第一百八十三章 劍宗八百劍仙,劍宗八百劍冢。(2/2)
緊接著似乎是有一道聲音傳了出來,傳在了所有人的耳中。
古樸而厚重的聲音傳出來的那一刻,所有人下意識地便是看向了蒼穹,看向了蒼穹之上的那名雙手持劍放於身前的女子,劍柄輕握於手中,劍鋒朝地,凜冽的月光照映在了那把閃爍著森然劍芒的長劍之上。
有風吹過,吹起了那一襲銀海繡金的天尊道袍!
南皇的眸子眯著,看著投影在蒼穹之鏡上,劍娘脖頸間的那一根石質吊墜。
「何以為仙?何為劍仙?」
「」
下一刻!
只聽得鏗鏘劍鳴聲音迴蕩!
站立於高台之上的女子身後,伸出一隻胳臂,一柄長劍就這麼刺向蒼穹之上。
明晃晃地燈火映照在女子身上,她依舊是沒有任何動作,靜靜地站在高台之上。
鏗鏘——
第二柄劍再次出現在她的身後!
「嗯?難道劍宗換了新的花樣?」
所有人皆是怔怔地看著蒼穹,眸子中滿是疑惑之色。
議論聲停止了,這一片天地之上似乎只留下了蒼穹之上那一手持長劍的道尊。
「天下!」
古樸的聲音再一次迴蕩在天地之間,風聲,落雪聲,馬蹄嘶吼聲,鏗鏘拔劍出鞘聲!
「天下劍宗!」
這一聲傳了出來,一瞬間所有人的目光皆是被吸引住了,眸子中滿是驚愕的看著高台之上的那名女子。
鑰煙輕挑了一下眉頭,眸子眯著看著眼前的一切。
聞人平心也是屏住呼吸。
無華闕的一眾修士盯著蒼穹。
一息。
兩息。
三息。
在一片沉默中,天幕之上似乎出現了一道道耀眼的光芒,繼而,一柄又一柄的長劍浮現在蒼穹之上那名女子的身後。
每一柄劍下皆是連著一隻手臂,一道接著一道,密密麻麻,綿延天際,站於最前端的女子宛若一道尊!
配合著每一柄劍的出現,能聽得見沉重的述說!
「承影。」
鏗——
「太阿。」
鏗——
「湛盧。」
「純鈞。」
「龍淵。」
「卻邪。」
「」
每一柄劍皆是在月光之下熠熠生輝,綻放著森然的光芒,色澤交織輝映!
台下所有人皆是表情凝重的看著這一切,眸子中滿是疑惑,一眾宗門的老一輩長老聽著蒼穹之上迴蕩的聲音,眸子卻滿是凝重之色,喉嚨中似乎有些沙啞之意,緩緩地開口道:
「那是劍宗之劍。」
「確切的說是埋葬在劍宗劍冢之劍。」
劍冢?
劍宗的一眾弟子眸子中卻是瞬間映出了無限的狂熱之意,背後有冷汗溢出,聽著那一柄柄劍名,眼角處隱隱約約有淚痕划過。

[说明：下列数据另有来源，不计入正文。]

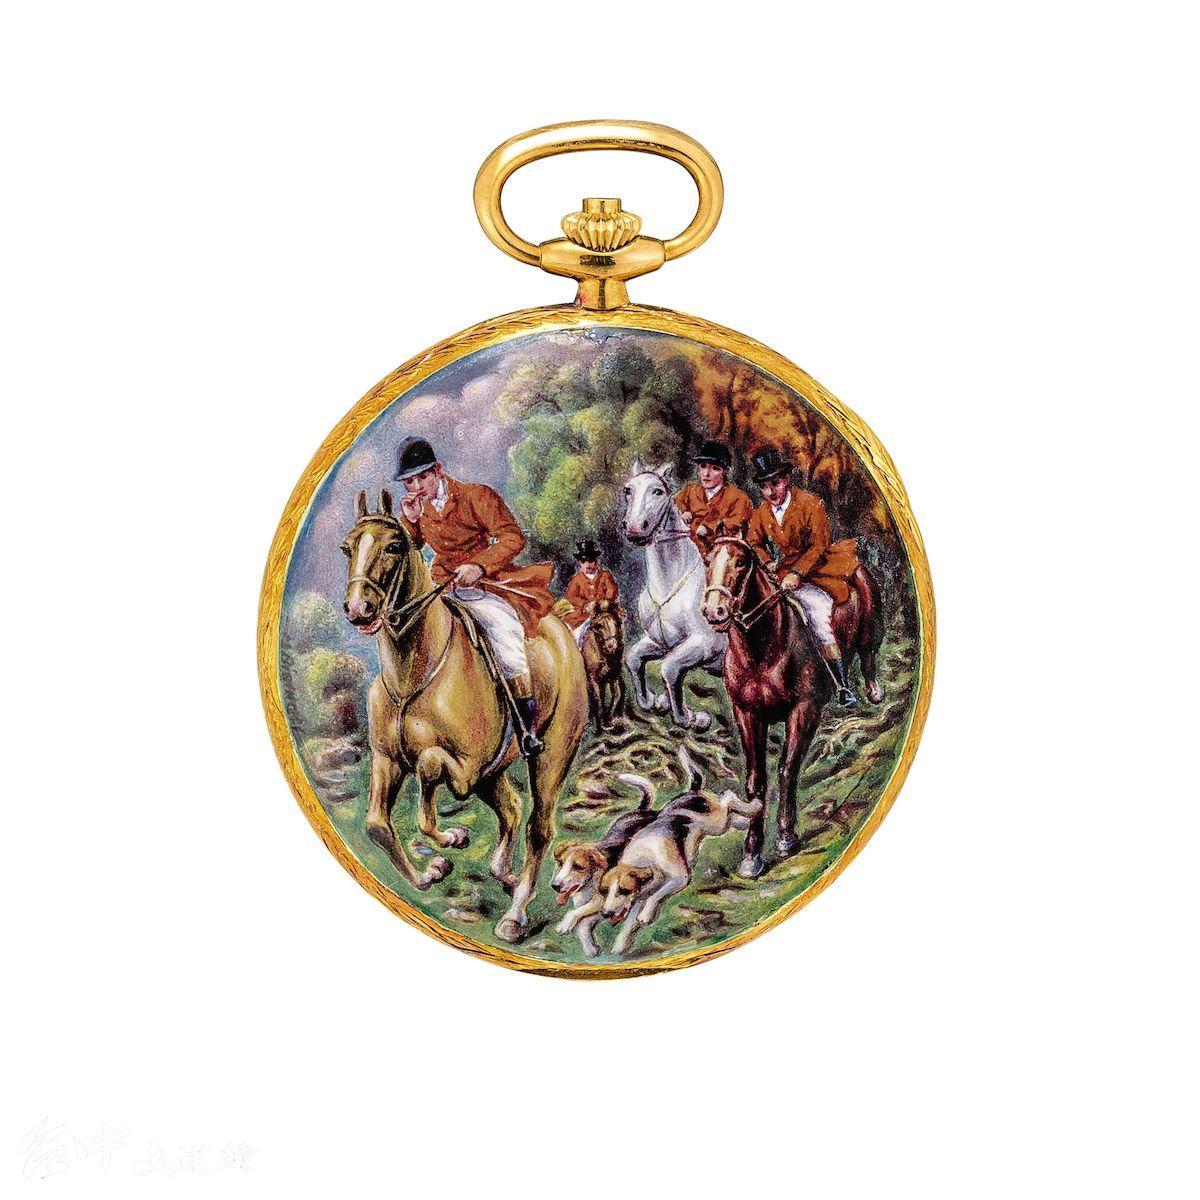 百達翡麗型號 823/003 黃金獵殼懷錶,此為其中一只,配 Madame Marthe Bischoff 臨摹 Carle Vernet 油畫作品的雙面微繪琺瑯。 Gübelin 發行,附原廠證書、收據及盒子,1976年製。估價 877萬新台幣。(圖:業者提供)

席青衣的嘴唇動了一下,眸子凝視著那一方天地,大手死死地按住手中的劍柄,只覺得胸腔之中積鬱一腔難以發泄之意。
「千年前的劍宗名為天下劍宗!」
「那時的劍宗,劍仙唇一吐,劍氣便縱橫山嶽千里,呵氣成劍,御劍可至九天之上。」
「劍宗所在之地,一劍可平天下事!」
「」
月光清幽,數百柄長劍漫空綻放!
這個時候所有人才真正的看清,高台之上並不只是為首的那一名女子,在其身後竟是有百人排成了一條直線!
所有人,手持長劍,若蓮之綻放!
轟——
如此震撼的一幕瞬間讓所有觀看之人沸騰了。
一名聖地長老竟是下意識地站了起來,深深地吸著一口氣看著眼前的一幕。
蒼穹之上,為首的那名女子眸子瞬間變了,一改之前的平淡,瞬間便是睥睨地望著一切。
而后蒼穹之上竟是有一股青紫色的劍氣逸散著,下一刻一柄青紫之間瞬間盤旋於天地之間,頭頂的一方天空紫氣瀰漫,仿佛是一處仙人的氤氳仙境。

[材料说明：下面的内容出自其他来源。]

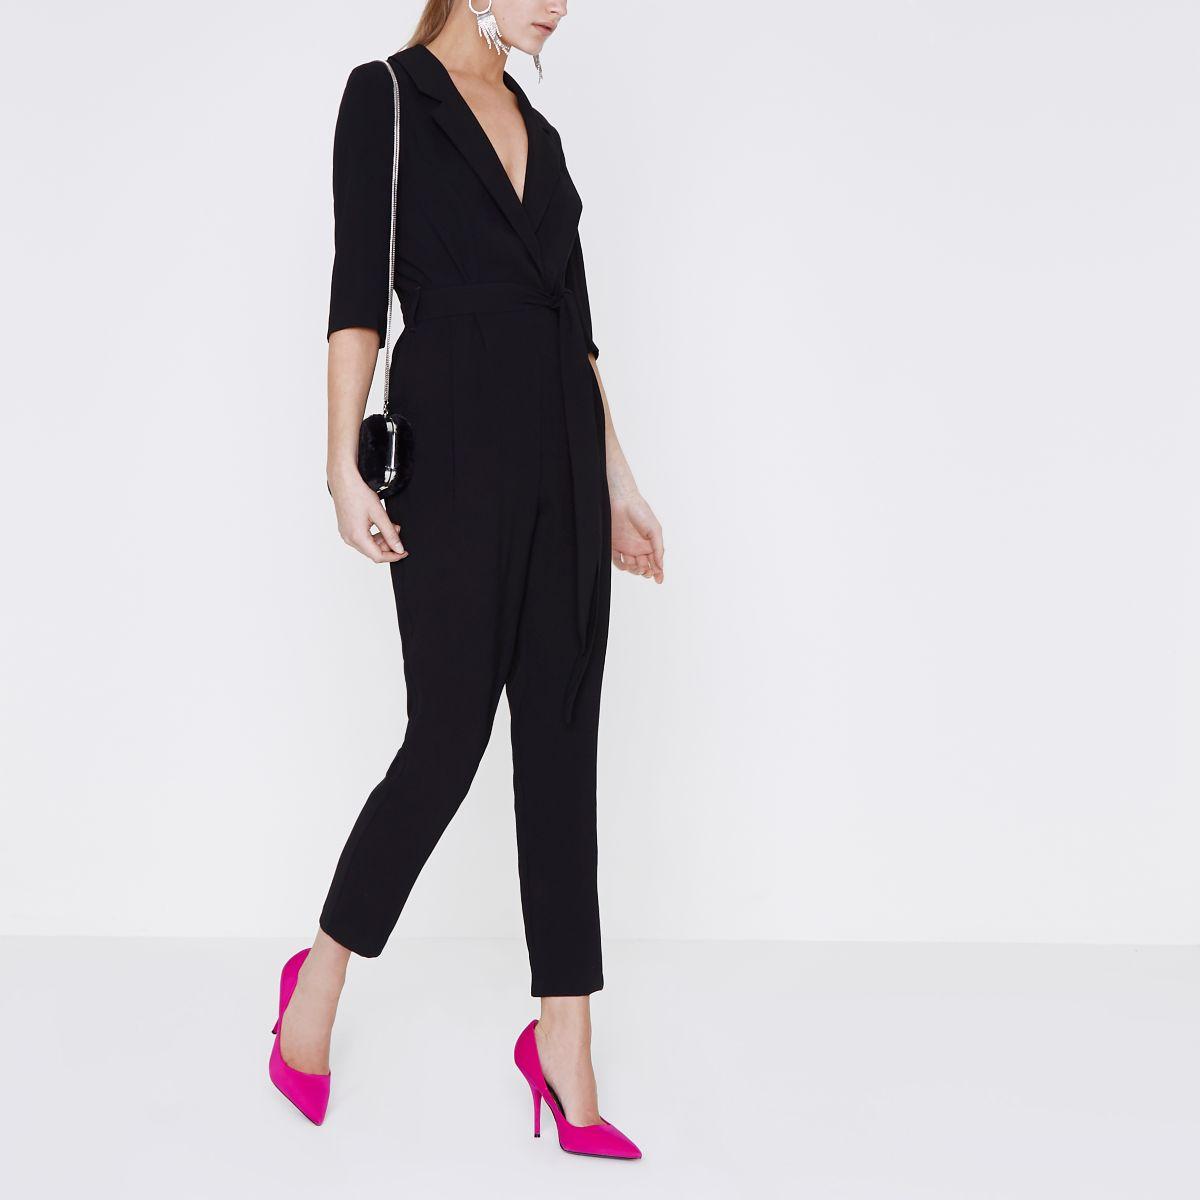 Black tailored three quarter sleeve jumpsuit

緊接著,紫氣開始翻湧,在紫氣之下,有五彩光華湧出,流華絢爛!
最後一聲:「青萍!」
一股睥睨天下的劍氣瞬間瀰漫了整個聖殿,所有人眸子怔怔地看著蒼穹之上的那把劍,同那幾百柄長劍不同,這是真正的劍宗至寶,青萍劍!
視角驟然上升,青萍劍飛入九天之上,天地之間盡數綻放青紫色的蓮花,而後那一道聲音再一次傳了出來。
「這天下平靜的太久了,久到世人已經忘記了天下劍宗,忘記了千年之前的那一場浩劫!」
「」
劍娘終於第一次的揮動了手中的長劍,這一刻漫天的長劍似乎在訴說,似乎在咆哮!
劍聲嗡鳴!
一時間,無論是在聖殿的哪出,皆是能感覺到手中的長劍似乎在嗡鳴著,一股浩然無匹的劍氣在這偌大的聖殿掃過。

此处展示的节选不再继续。